If any bias covariates coincide with x variables – for example, if rugged terrain is undersampled due to inaccessibility and has an effect on a species’ abundance – then, the corresponding coordinates of β and δ are unidentifiable no matter how much presence-only data we collect.

For all its difficulties, regression adjustment on presence-only data is often preferable to no adjustment and may be the best option when unbiased survey data is unavailable. Still, when some components of x are nearly or completely confounded by z, a small quantity of unbiased data can go a long way, because it may provide the only solid information to distinguish true effects from bias effects (see, e.g. Fig. 3). This motivates a method that can combine both biased and unbiased data to exploit the strengths of each.
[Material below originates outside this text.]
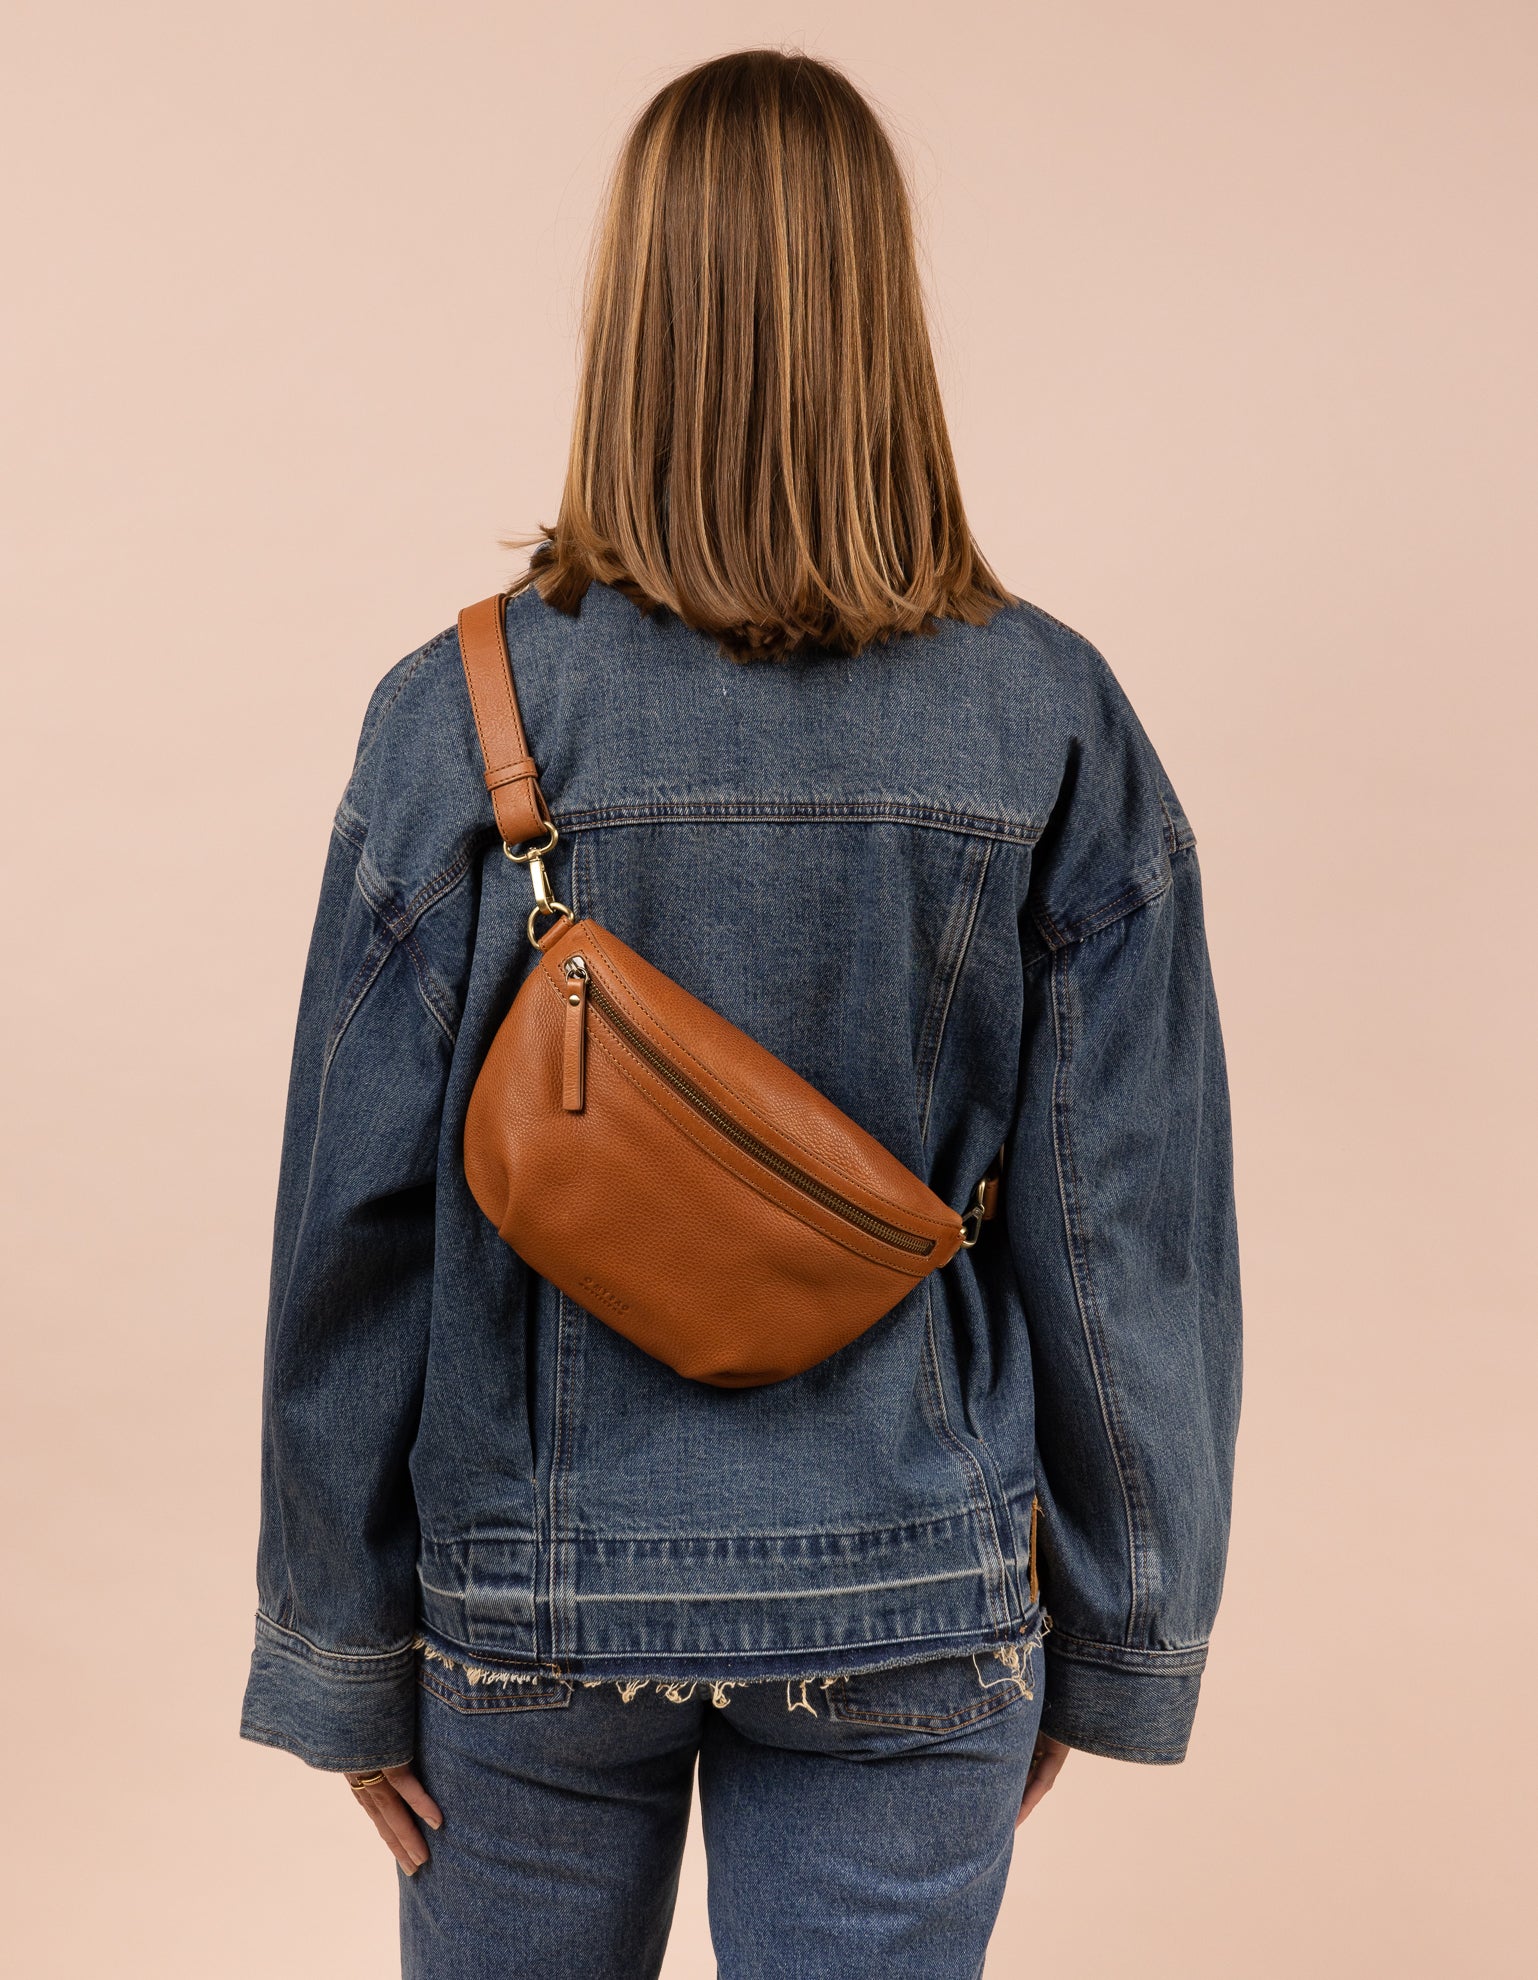 Brown soft leather bum bag worn cross-body on a model

Fig. 3 — Ninety-five percent Wald confidence regions for β₁, the species distribution coefficients for species 1, obtained by using five different methods. The plot illustrates the precision and accuracy with which the coefficients are estimated by each method. The black star denotes the true values of the parameters of interest. The different model types are described below: *PA data alone (Green):* The most straightforward method when PA data for species 1 is to maximize likelihood for it alone. Our estimates of both coefficients are unbiased but less precise than they could be. z plays no role in the PA data or our model for it, so the precisions for the two coordinates of β₁ are about the same;*PO data alone, no regression adjustment (Red):* The most common use of presence-only data is to maximize likelihood using only the presence-only data for species 1, making no adjustment for sampling bias. In that case, we are effectively estimating the presence-only intensity instead of the species intensity. Here, x₁ proxies for the confounding variable z and β̂_1,1 is severely biased, whereas β̂_1,2 is unaffected; *PO data alone, with regression adjustment (Blue):* We can address sampling bias by attempting to estimate the effect of the confounder z. Our estimates are now unbiased, but β̂_1,1 is noisy and its interval is very wide. It is quite hard to tease apart the effects of x₁ and z given only PO data; *PA and PO data for species 1 (Black):* The PO data carry solid information about β_1,2, whereas the PA data carry the only usable information about β_1,1. When we combine both data sources for species 1, the precision of β̂_1,2 roughly matches the methods using PO alone (blue and red), and the precision of β̂_1,1 matches the method using PA alone (green); *Pooled data for all species (Purple):* We obtain the best results by pooling both presence–absence and presence-only data sets for many different species. Species 2,3,…,m all contribute to estimating δ to high precision. As a result, the presence-only data for species 1 becomes much more useful for estimating β_1,1, because we know how to correct for the sampling bias.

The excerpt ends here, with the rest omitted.